Problem statement:
Once the pictures are removed, restate the data below word for word.

Data:
=======

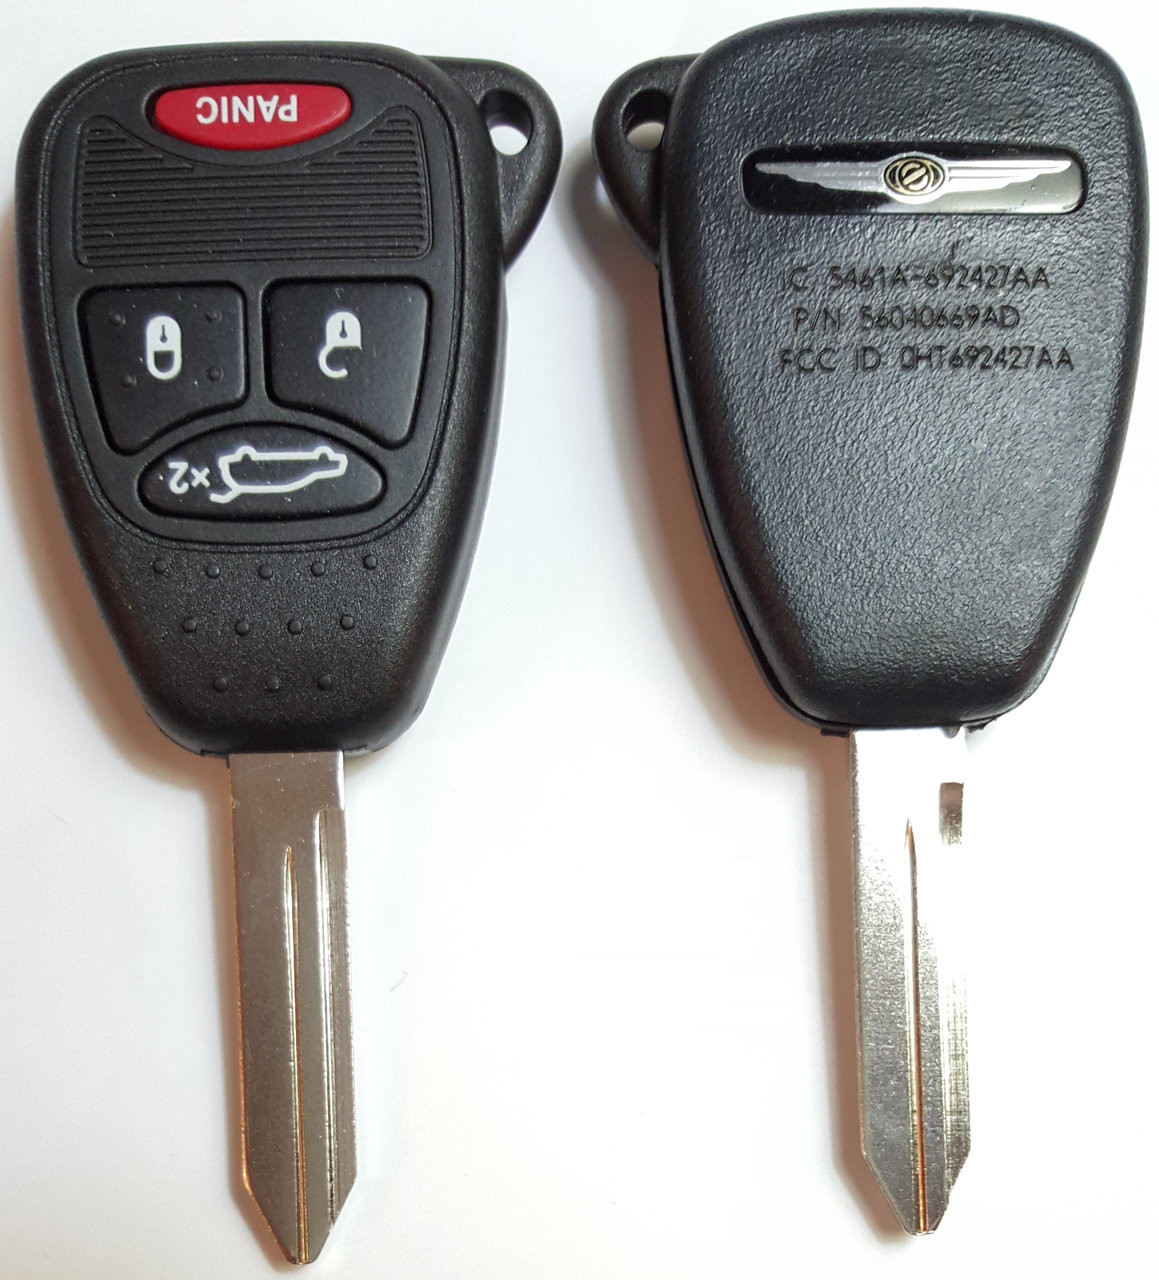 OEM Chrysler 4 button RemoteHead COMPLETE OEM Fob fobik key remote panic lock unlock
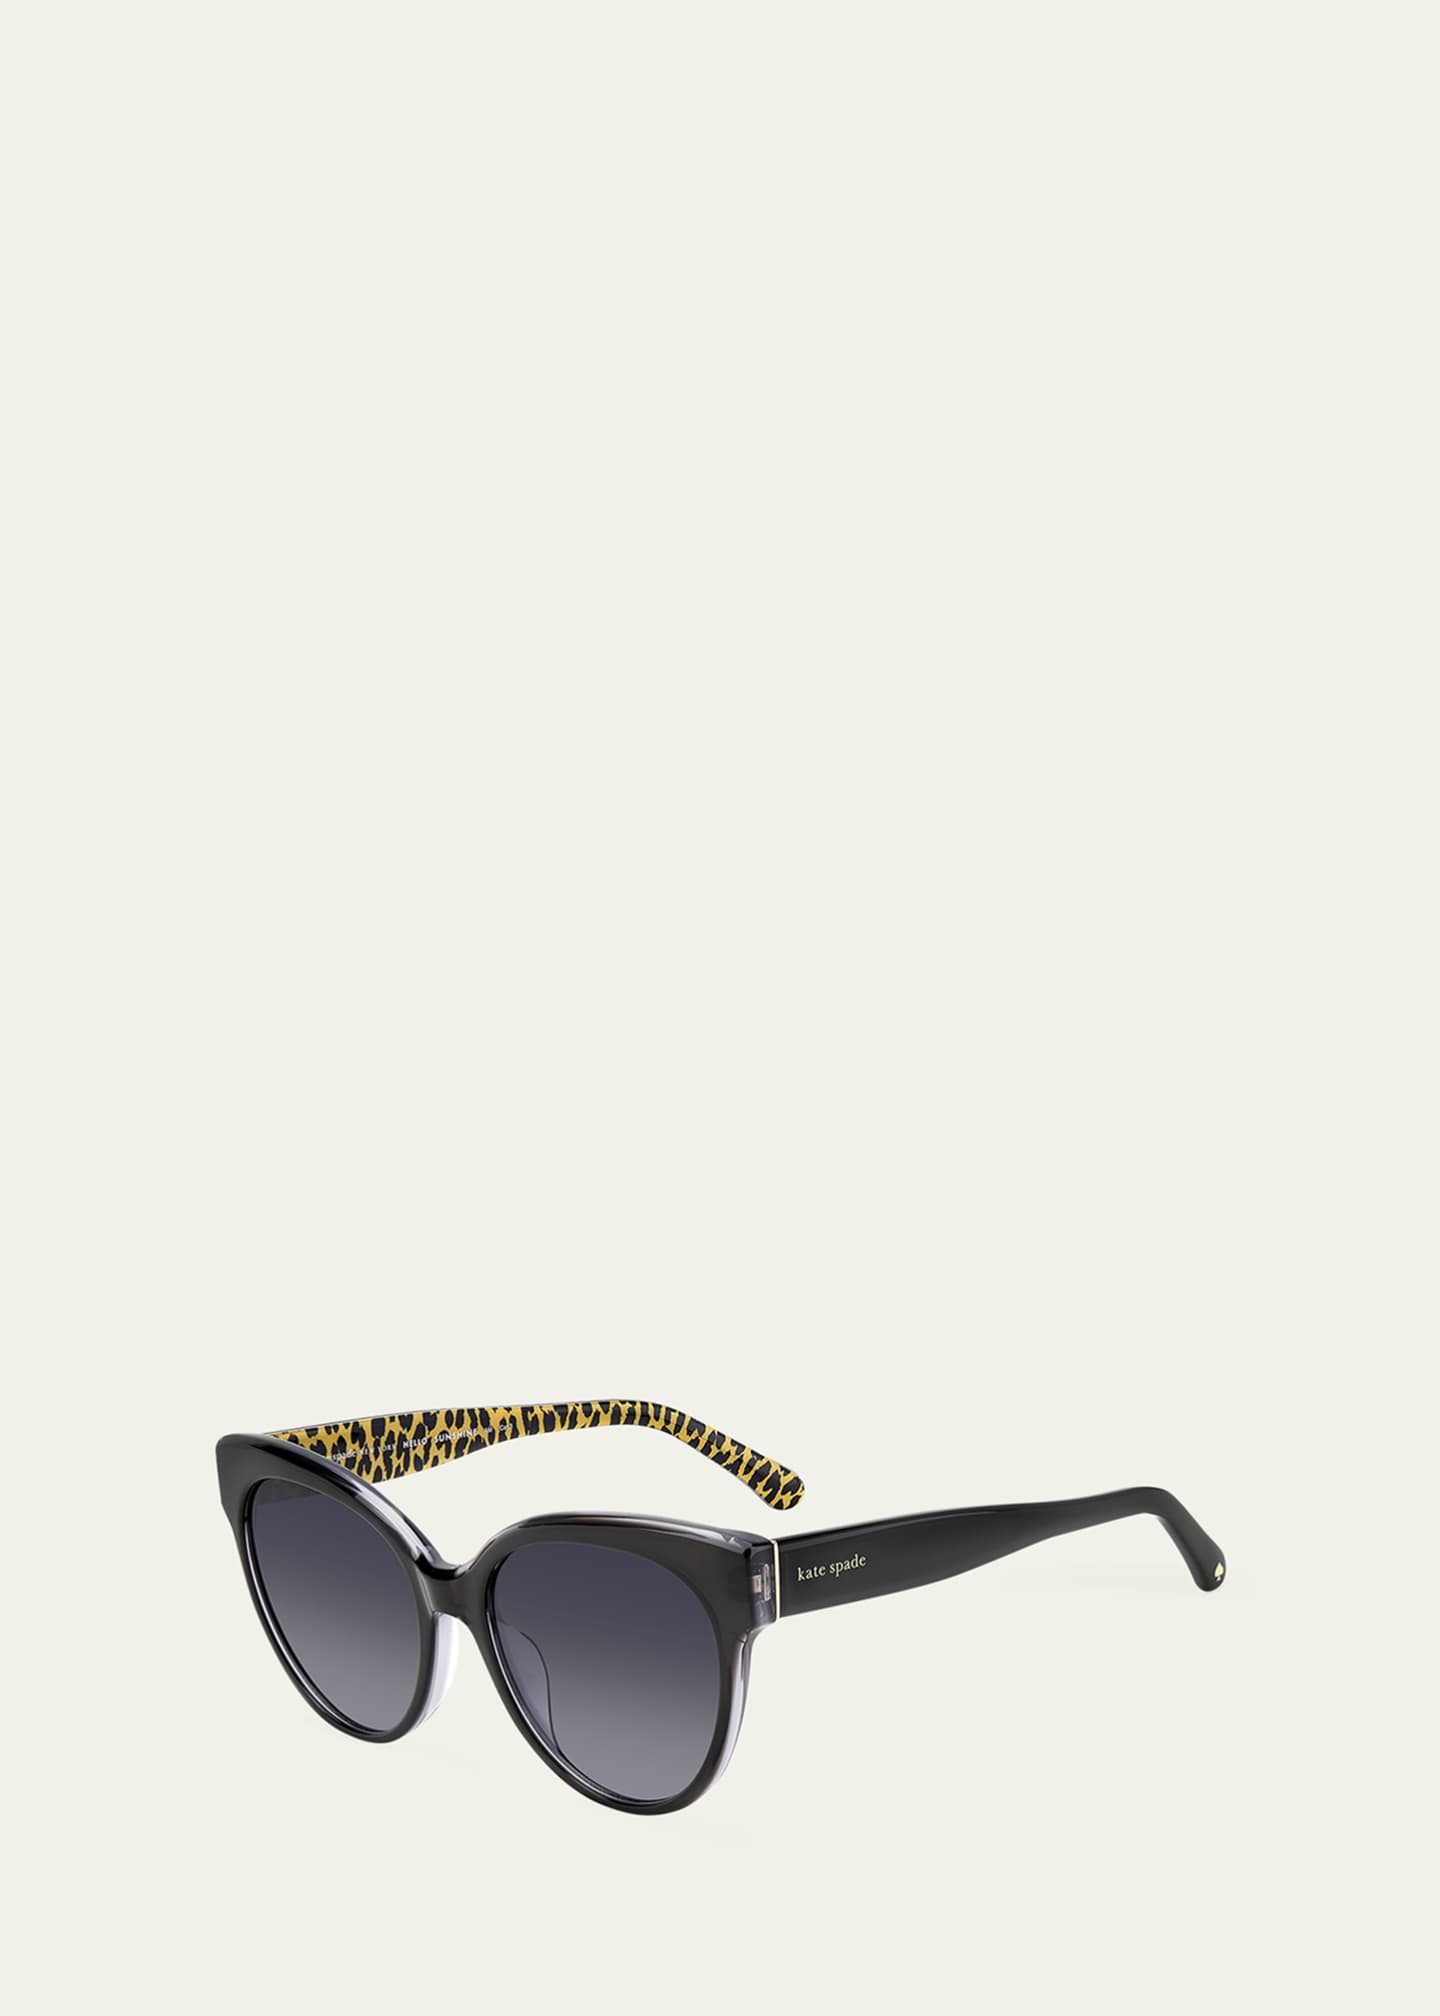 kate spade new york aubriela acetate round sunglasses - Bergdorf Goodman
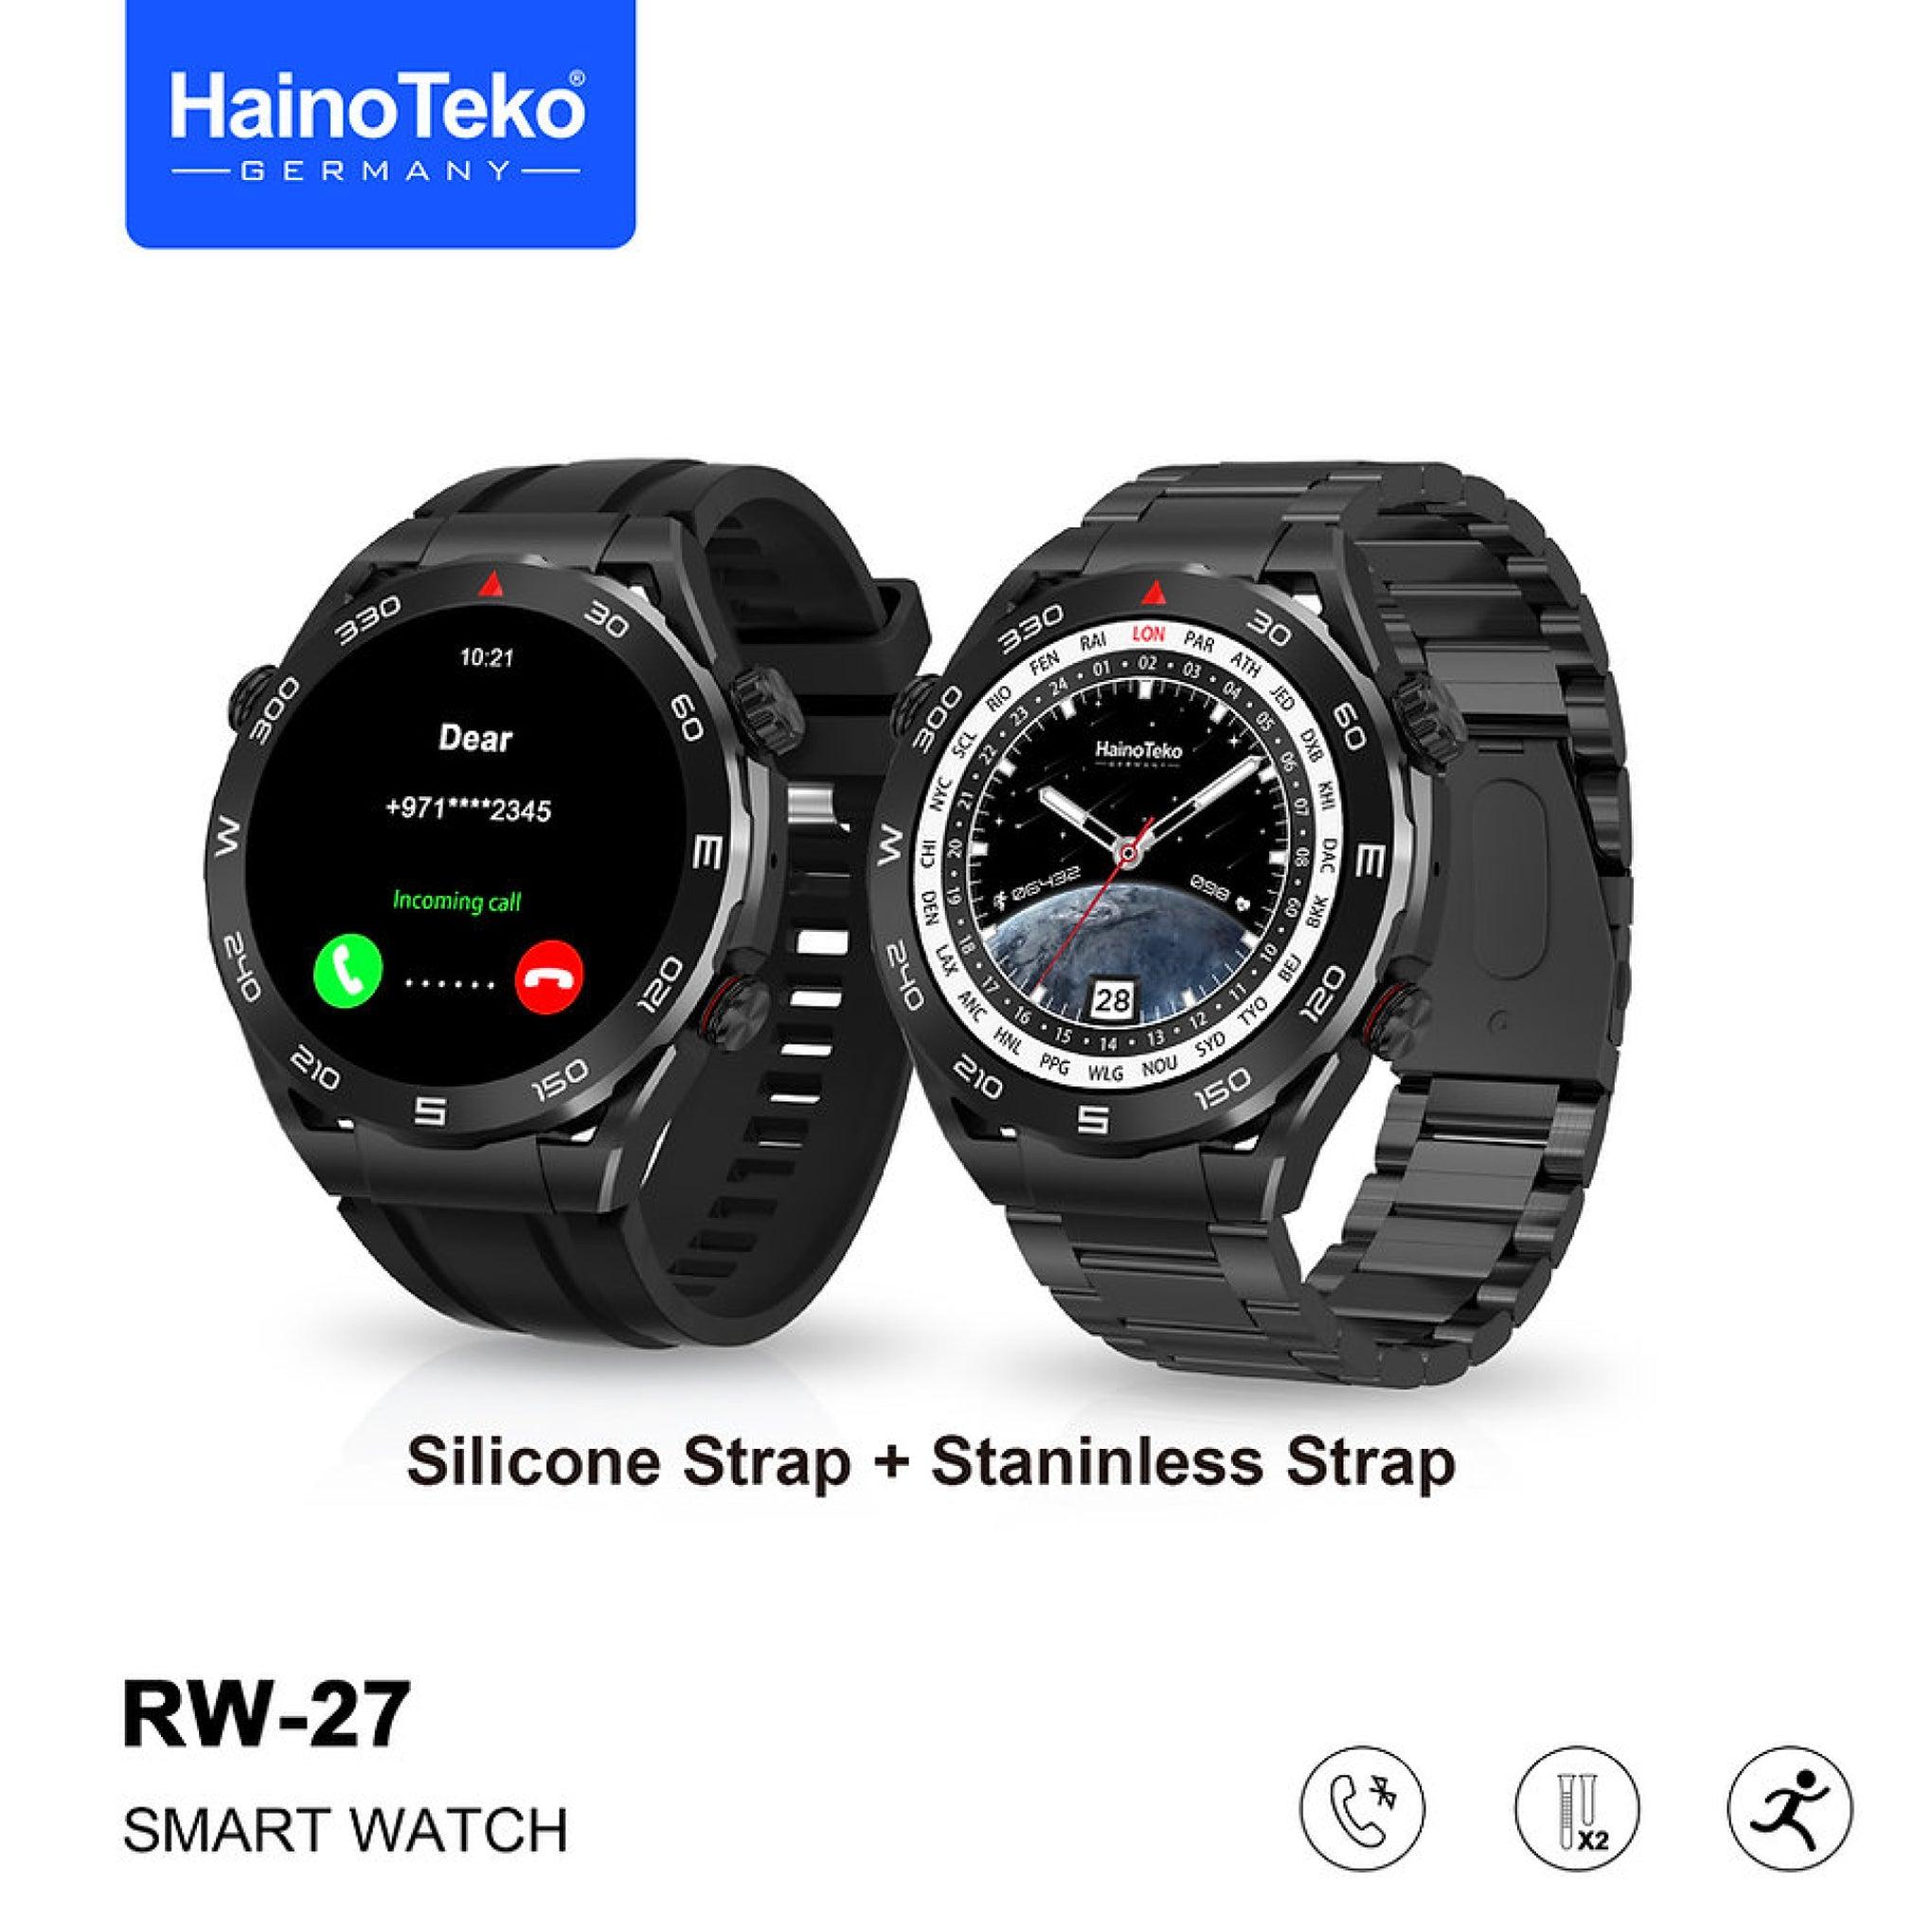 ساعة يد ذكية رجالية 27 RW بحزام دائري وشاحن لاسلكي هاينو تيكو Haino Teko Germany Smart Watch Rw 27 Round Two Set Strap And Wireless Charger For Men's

=======

Response to the exercise:
 OEM Chrysler 4 button RemoteHead COMPLETE OEM Fob fobik key remote panic lock unlock
 kate spade new york aubriela acetate round sunglasses - Bergdorf Goodman
 ساعة يد ذكية رجالية 27 RW بحزام دائري وشاحن لاسلكي هاينو تيكو Haino Teko Germany Smart Watch Rw 27 Round Two Set Strap And Wireless Charger For Men's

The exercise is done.